Para Baudrillard, a quien le coincido algunas visiones, «sólo lo que excede la realidad puede superar la ilusión de la realidad». ¿Significa esto que sólo lo que supera la ilusión de la realidad puede eclipsar la realidad con la ilusión? Ascensión Risco, la sibila a quien cité en lejanas correrías, no vacilaba en testimoniar que «vivimos en un mundo ficticio, pero se necesitan enormes dosis de ilusión para romper el hechizo». La realidad como maquinación, el humano como máquina reproductora de simulaciones. Al no ser nuestras simulaciones más falsas que la realidad de la que surgen, ésta no es, por tanto, más verdadera que aquéllas. Defectos especiales de fabulosos efectos. Una vez más, aquí y ahora, la pregunta por la pregunta: ¿qué es real? Al ser formulada desde las simas del mismo principio de realidad, desde el linamen dispar que está en su génesis y en su ocaso, cualquier respuesta será igualmente ficticia. La enigmática continuidad que circula entre el sujeto que indaga y el objeto interrogado quizá requiera de la eternidad para resolverse.
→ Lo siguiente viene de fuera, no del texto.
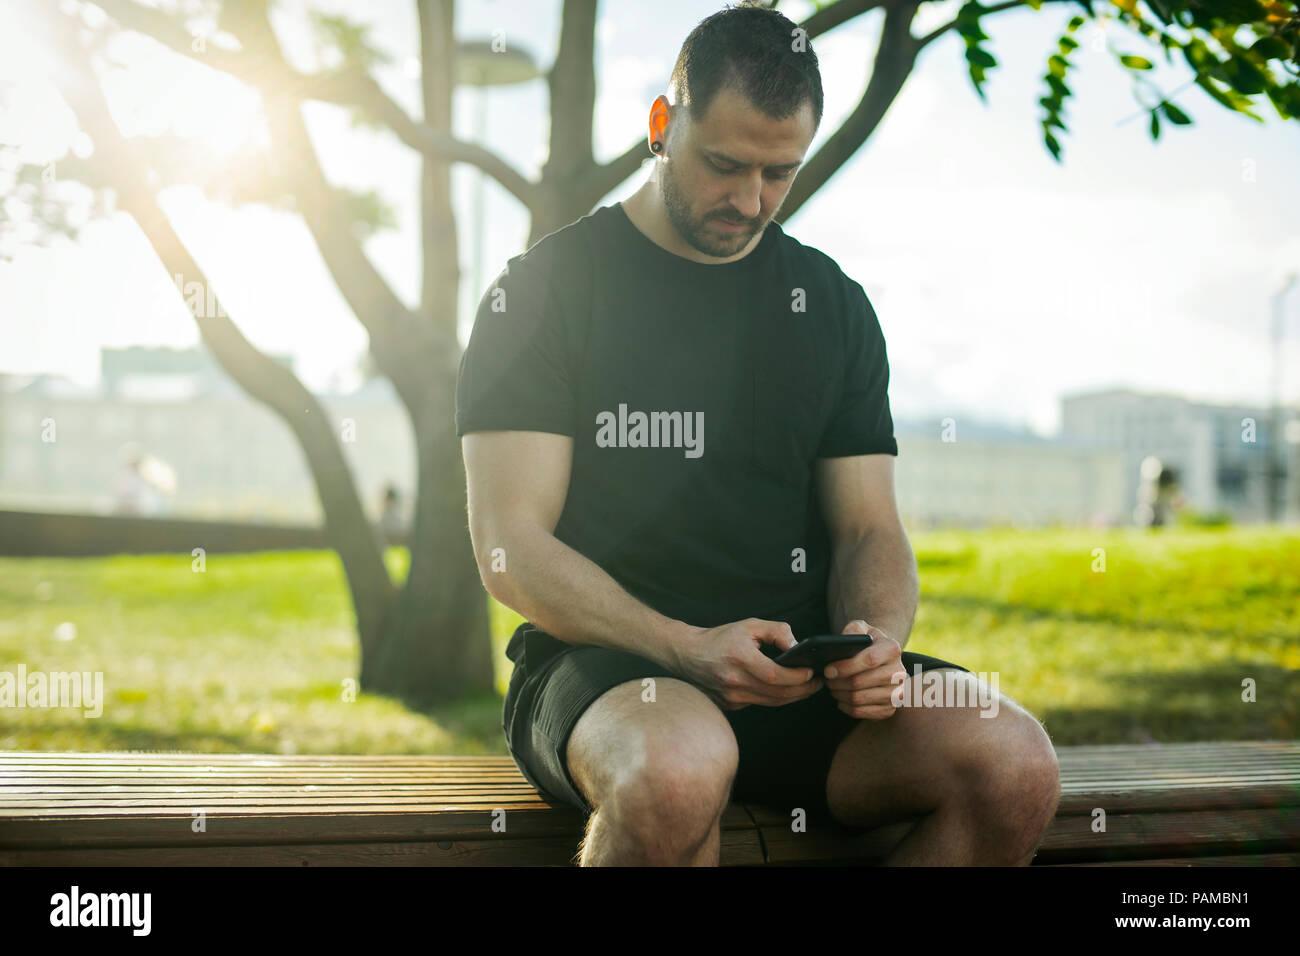 Chiusura del giovane uomo seduto al banco e la digitazione di un messaggio di testo sul telefono cellulare all'aperto nel parco. Vista frontale. Foto Stock

Si es que hay un entonces por descifrar, si es que hay siempre...

La reja del arado peina el labrantío, las velas ondean, el rebaño pasta... En este Paisaje con la caída de Ícaro de Peter Bruegel el Viejo, gracias a una perfecta indiferencia de los actores, nada ni nadie se admira ante el percance del hijo de Dédalo, transcripción mitológica de la aventura truncada del espíritu.